**Provided data:**
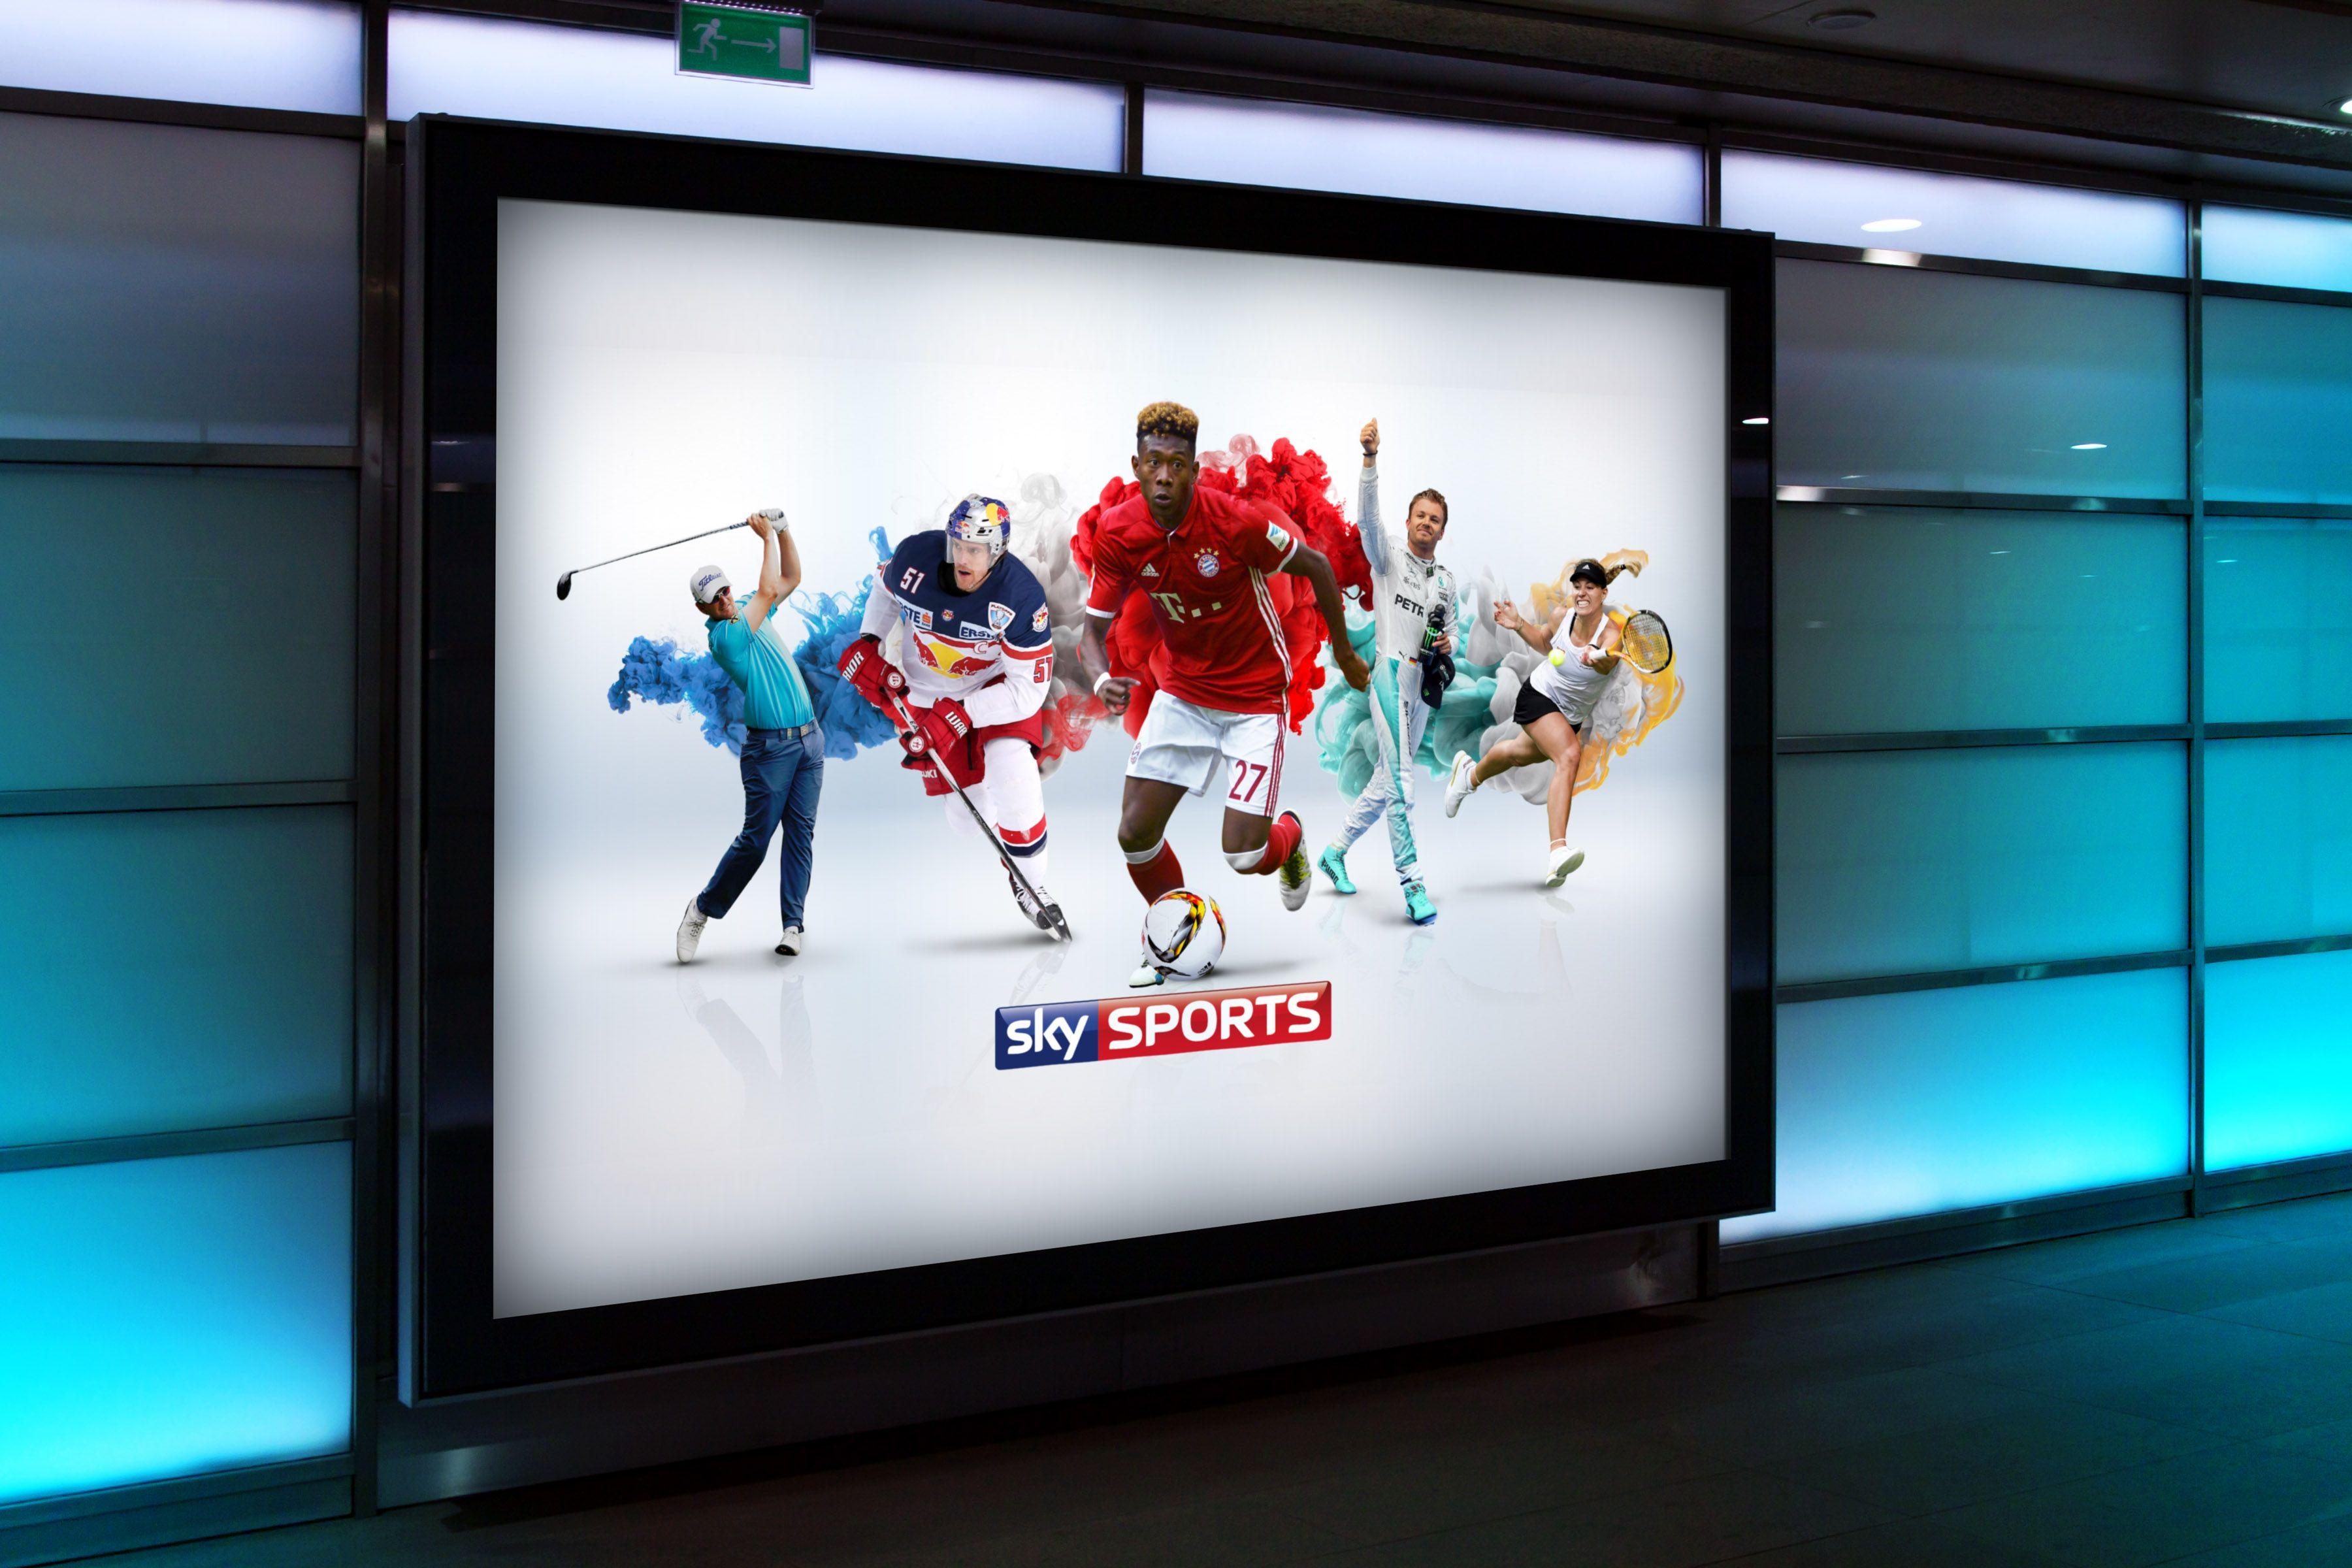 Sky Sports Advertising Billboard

...

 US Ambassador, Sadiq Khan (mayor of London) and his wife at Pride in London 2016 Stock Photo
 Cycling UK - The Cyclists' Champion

**How to complete this task:** Wherever the line holding "US Ambassador, Sadiq" falls in the entries above, copy exactly from it through the line holding "Cycling UK - The Cyclists' Champion", inclusive, and add nothing.

**Written solution:**
 US Ambassador, Sadiq Khan (mayor of London) and his wife at Pride in London 2016 Stock Photo
 Cycling UK - The Cyclists' Champion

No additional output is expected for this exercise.